Week of January 17, 2005

 

            The story of Evan Scott is puzzling, with many key facts in dispute.  The only thing that’s clear is that the whole sorry mess is an unnecessary tragedy. 

            Evan was born May 5, 2001 to Amanda Hopkins, an unwed mother who had been beaten by Steven White, her former boyfriend and the child’s father.  White was then in prison for the crime. 

            Mutual friends introduced Ms. Hopkins to Dawn and Gene Scott, a couple who were unable to conceive and wished to adopt.  The Scotts hired an attorney to draft the paperwork, attended Evan’s birth, and took him home to Florida.   

            After that things get fuzzy.  Depending on the report, White was either informed of the pregnancy and did not respond or did not find out about the baby until later and acted immediately.  Attorneys supposedly advised the Scotts that White did not meet the criteria to make his consent required.  Hopkins claims it had been agreed that Evan would be returned to her if White contested the adoption anyway, while the Scotts say there was no such arrangement.

            Whatever happened, the imprisoned Mr. White decided he was the best possible parent for Evan and started legal action shortly after the boy went home with the Scotts.  Hopkins chimed in with her own suit, kicking off a three-year circus that ended just before Christmas 2004 when permanent custody was granted to Ms. Hopkins, who took Evan January 15.  The ruling came from one Waddell Wallace III, a circuit court judge who is apparently insane.   

            That last point is an opinion and not a clinical diagnosis, but it should be.  One need read no further than Wallace’s comment that wrenching a 3 1/2-year-old boy from the only parents he knows is in his “best interests” to relegate this gowned clown to presiding over littering cases.

            The judge might reasonably have doomed young Evan to years of therapy on some other basis, though I doubt it.  For example if the Scott’s attorney blew it and Mr. White’s consent was indeed legally required, Wallace might have ruled, “This stinks, but my hands are tied.  In the words of Charles Dickens, ‘The law is an …’” 

            For the rest of the quote, try Google or your public library.  This is a family column. 

            If Wallace believed Hopkin’s claim that a challenge by ex-con White voided the deal, he might have said so.  Instead, Hizzoner claimed for himself the noble high ground of the child’s best interest, and, in doing so, joined the boy’s biological incubator and sperm donor in pursuing his own selfish ends.  If that sounds a little Dr. Laura-ish, so be it.  I am my kid’s dad – a kid we adopted as an infant, as a matter of fact.  A kid we adopted overseas at least in part to avoid precisely this kind of judicial shenanigans. 

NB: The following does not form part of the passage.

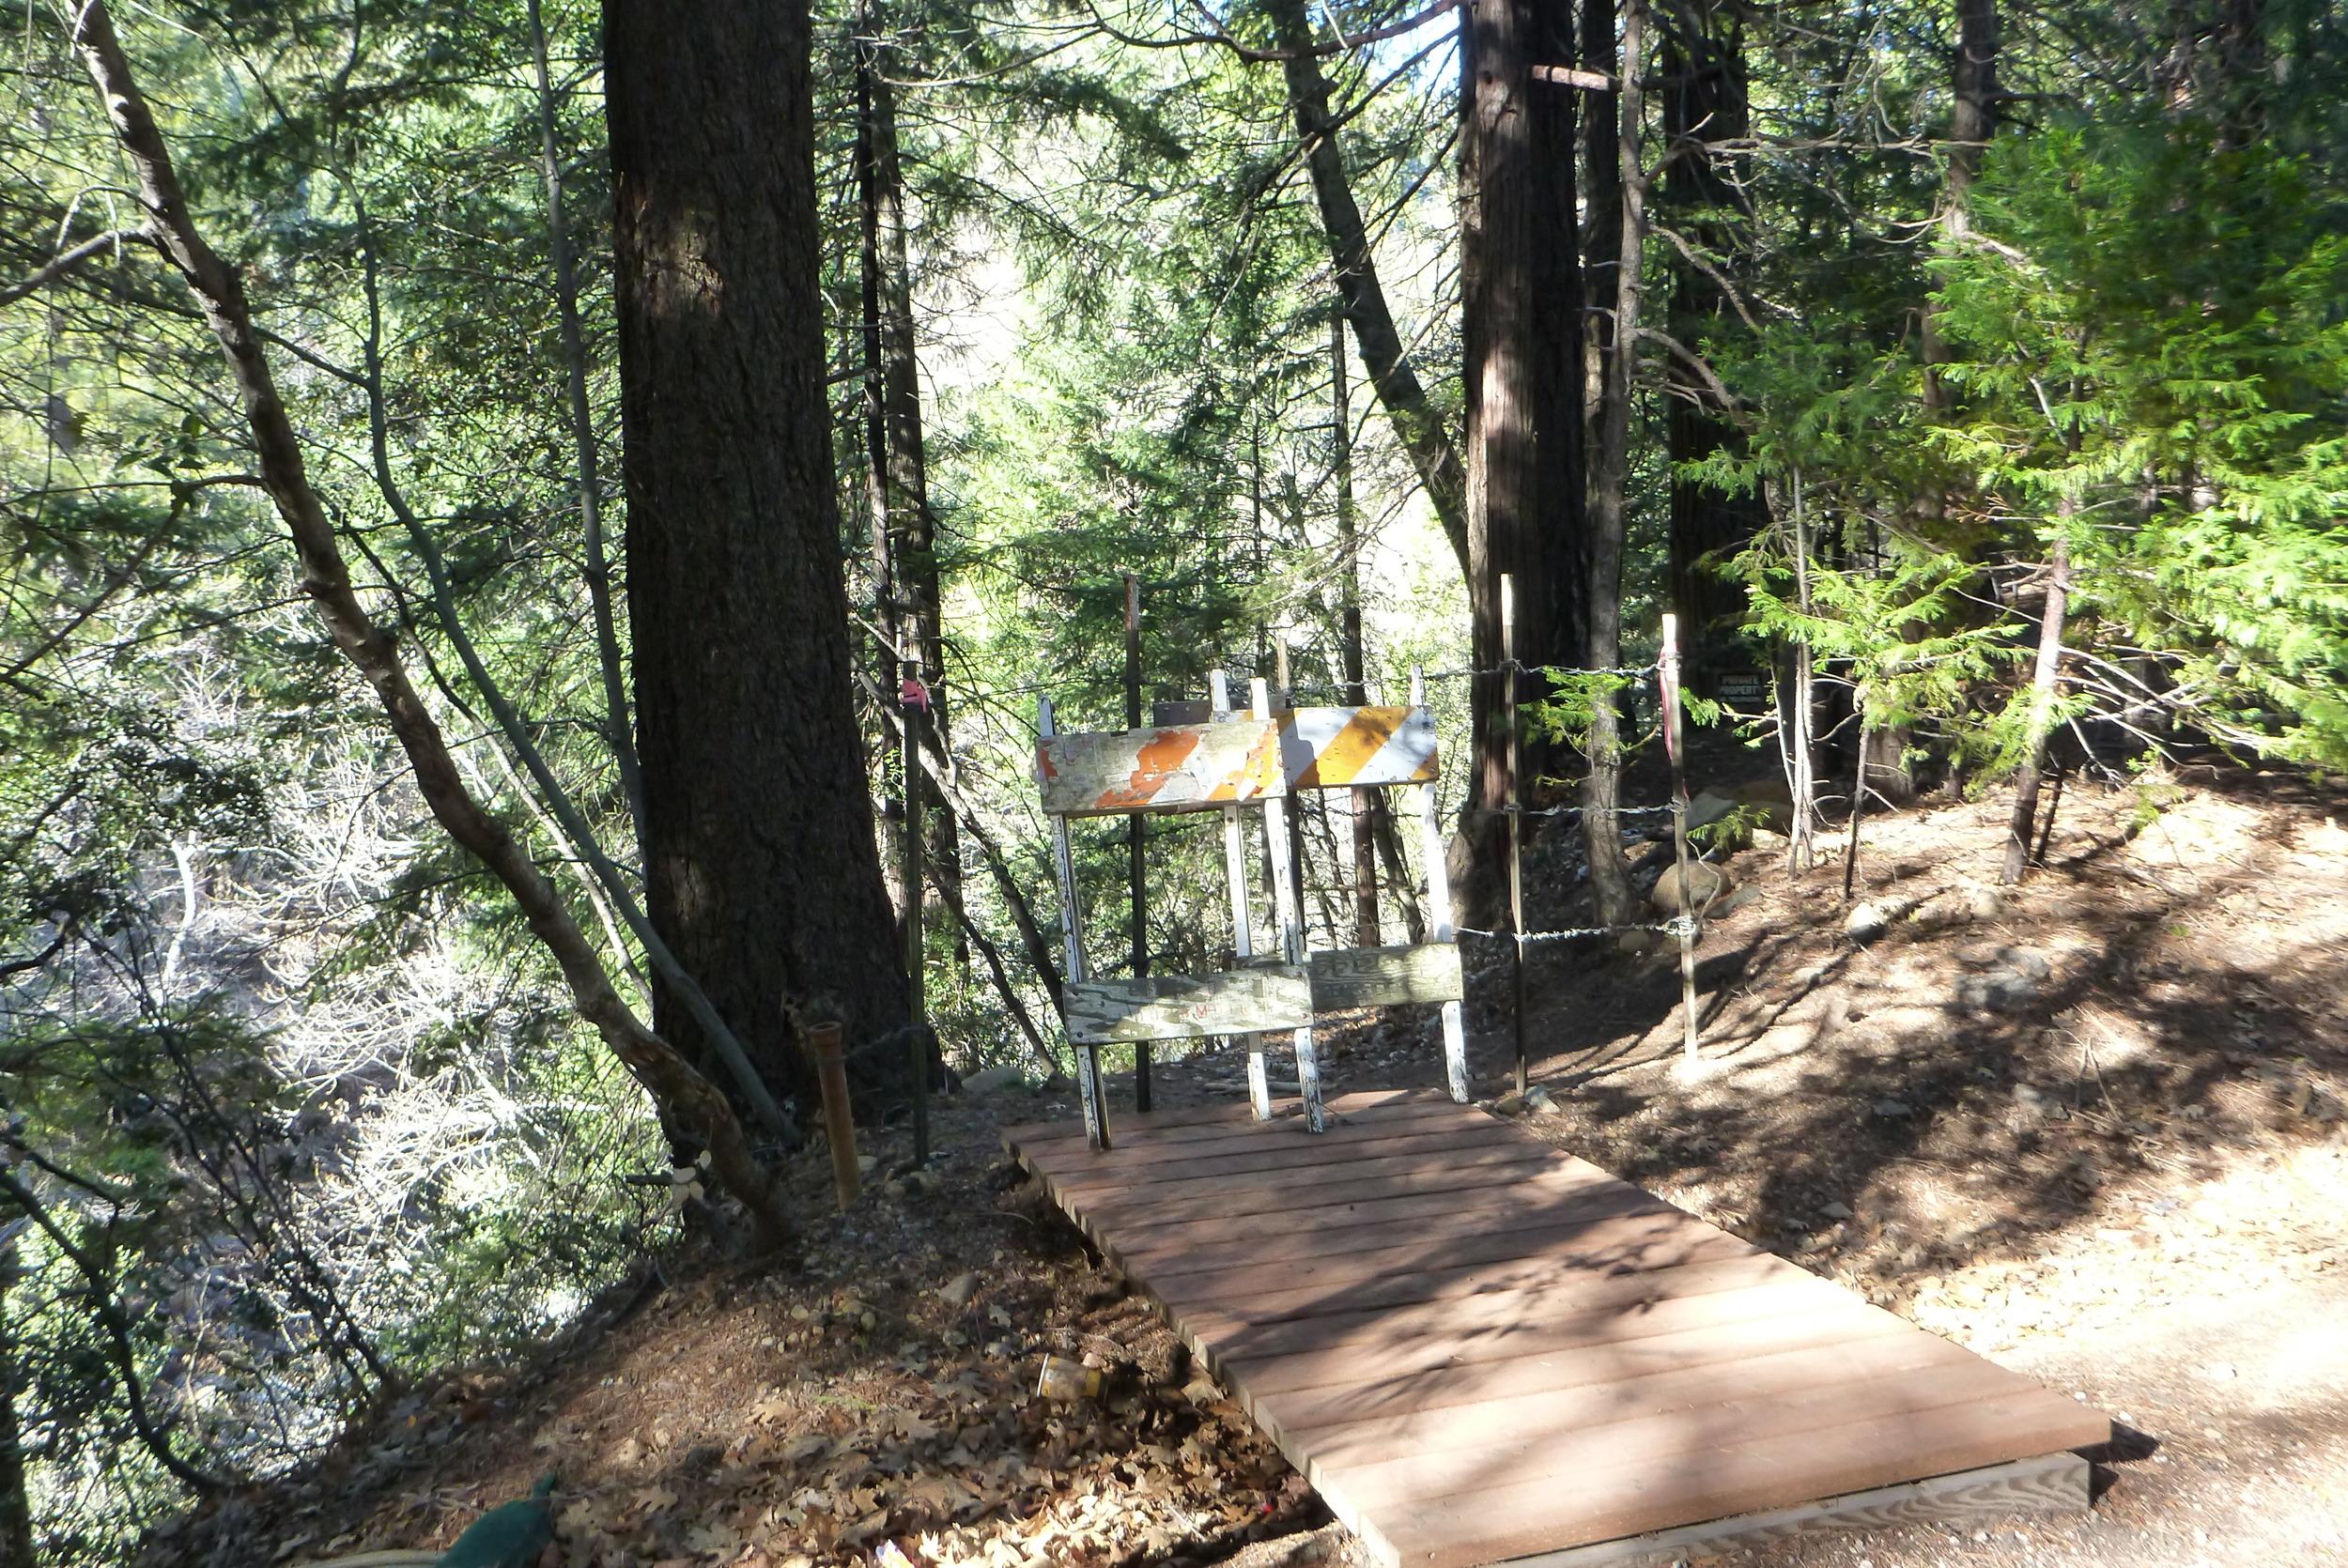 Trail Closure between Tauhindauli Park and Dunsmuir Botanical Gardens

            The face of adopted children has changed significantly in recent decades.  As the stigma of single parenthood has faded, fewer “good girls” feel pressured to place their children.  Many children available for adoption today come from dire circumstances or had poor prenatal care.  Alcohol and drug abuse cause great harm to many of the unborn. 

            The need is screaming, yet society keeps throwing up barriers.  A pregnant woman does not need the father’s consent for an abortion but does for an adoption, making some feel coerced into abortions they do not want.  Many states are now breaking the confidentiality once promised to birth parents, opening records to kids they may not wish to see.  Then there are the Judge Wallaces, making rulings guaranteed to give any prospective adoptive parent the heebie-jeebies.

            Florida recently changed its consent law to make a Scott case less likely, but it is not enough.  It is time to tear down unnecessary barriers and give those who adopt a break, not broken hearts.